## Prompt
Find the line containing "Cleomella parviflora" in the listing below. Repeat it exactly, along with each following line up to and including the one containing "House for rent: 1558".

## Dataset content
....
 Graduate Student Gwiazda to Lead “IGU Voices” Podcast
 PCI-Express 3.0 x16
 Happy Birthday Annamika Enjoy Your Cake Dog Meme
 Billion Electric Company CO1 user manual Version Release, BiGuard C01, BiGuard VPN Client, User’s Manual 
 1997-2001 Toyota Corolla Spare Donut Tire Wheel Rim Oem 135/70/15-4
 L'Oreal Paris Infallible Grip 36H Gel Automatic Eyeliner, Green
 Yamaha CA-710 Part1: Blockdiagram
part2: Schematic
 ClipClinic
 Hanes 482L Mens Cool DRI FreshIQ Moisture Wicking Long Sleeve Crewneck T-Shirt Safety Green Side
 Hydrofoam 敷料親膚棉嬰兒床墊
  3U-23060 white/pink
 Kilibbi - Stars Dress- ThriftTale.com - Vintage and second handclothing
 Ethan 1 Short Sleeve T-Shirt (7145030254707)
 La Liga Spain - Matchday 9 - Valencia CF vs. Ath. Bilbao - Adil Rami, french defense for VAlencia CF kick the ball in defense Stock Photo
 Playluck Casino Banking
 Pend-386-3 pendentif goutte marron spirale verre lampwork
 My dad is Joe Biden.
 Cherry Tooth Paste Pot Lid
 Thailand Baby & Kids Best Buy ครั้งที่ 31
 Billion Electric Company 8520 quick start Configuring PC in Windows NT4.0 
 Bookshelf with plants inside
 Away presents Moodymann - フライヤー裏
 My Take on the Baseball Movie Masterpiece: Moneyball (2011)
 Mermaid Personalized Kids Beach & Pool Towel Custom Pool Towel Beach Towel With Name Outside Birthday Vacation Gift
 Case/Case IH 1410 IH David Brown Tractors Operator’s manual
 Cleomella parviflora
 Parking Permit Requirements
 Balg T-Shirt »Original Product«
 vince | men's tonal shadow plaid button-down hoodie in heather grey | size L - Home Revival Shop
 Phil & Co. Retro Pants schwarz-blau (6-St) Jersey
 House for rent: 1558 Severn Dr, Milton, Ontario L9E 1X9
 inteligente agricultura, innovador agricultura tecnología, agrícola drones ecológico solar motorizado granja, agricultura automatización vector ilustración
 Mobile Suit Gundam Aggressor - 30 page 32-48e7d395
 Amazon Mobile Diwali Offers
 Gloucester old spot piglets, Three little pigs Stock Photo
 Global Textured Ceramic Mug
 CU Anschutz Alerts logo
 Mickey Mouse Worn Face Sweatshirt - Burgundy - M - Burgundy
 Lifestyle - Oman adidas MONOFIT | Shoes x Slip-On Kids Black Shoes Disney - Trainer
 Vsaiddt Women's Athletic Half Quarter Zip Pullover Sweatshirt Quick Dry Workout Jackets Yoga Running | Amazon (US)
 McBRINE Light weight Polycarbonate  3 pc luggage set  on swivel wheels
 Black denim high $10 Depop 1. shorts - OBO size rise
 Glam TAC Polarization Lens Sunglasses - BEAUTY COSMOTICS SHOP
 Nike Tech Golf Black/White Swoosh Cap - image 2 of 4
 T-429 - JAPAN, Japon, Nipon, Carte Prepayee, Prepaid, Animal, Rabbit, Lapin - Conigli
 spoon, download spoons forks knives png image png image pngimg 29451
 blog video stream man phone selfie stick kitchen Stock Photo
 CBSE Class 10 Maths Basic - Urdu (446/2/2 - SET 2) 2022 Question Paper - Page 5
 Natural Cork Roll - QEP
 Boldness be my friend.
....
## Response to this exercise
 Cleomella parviflora
 Parking Permit Requirements
 Balg T-Shirt »Original Product«
 vince | men's tonal shadow plaid button-down hoodie in heather grey | size L - Home Revival Shop
 Phil & Co. Retro Pants schwarz-blau (6-St) Jersey
 House for rent: 1558 Severn Dr, Milton, Ontario L9E 1X9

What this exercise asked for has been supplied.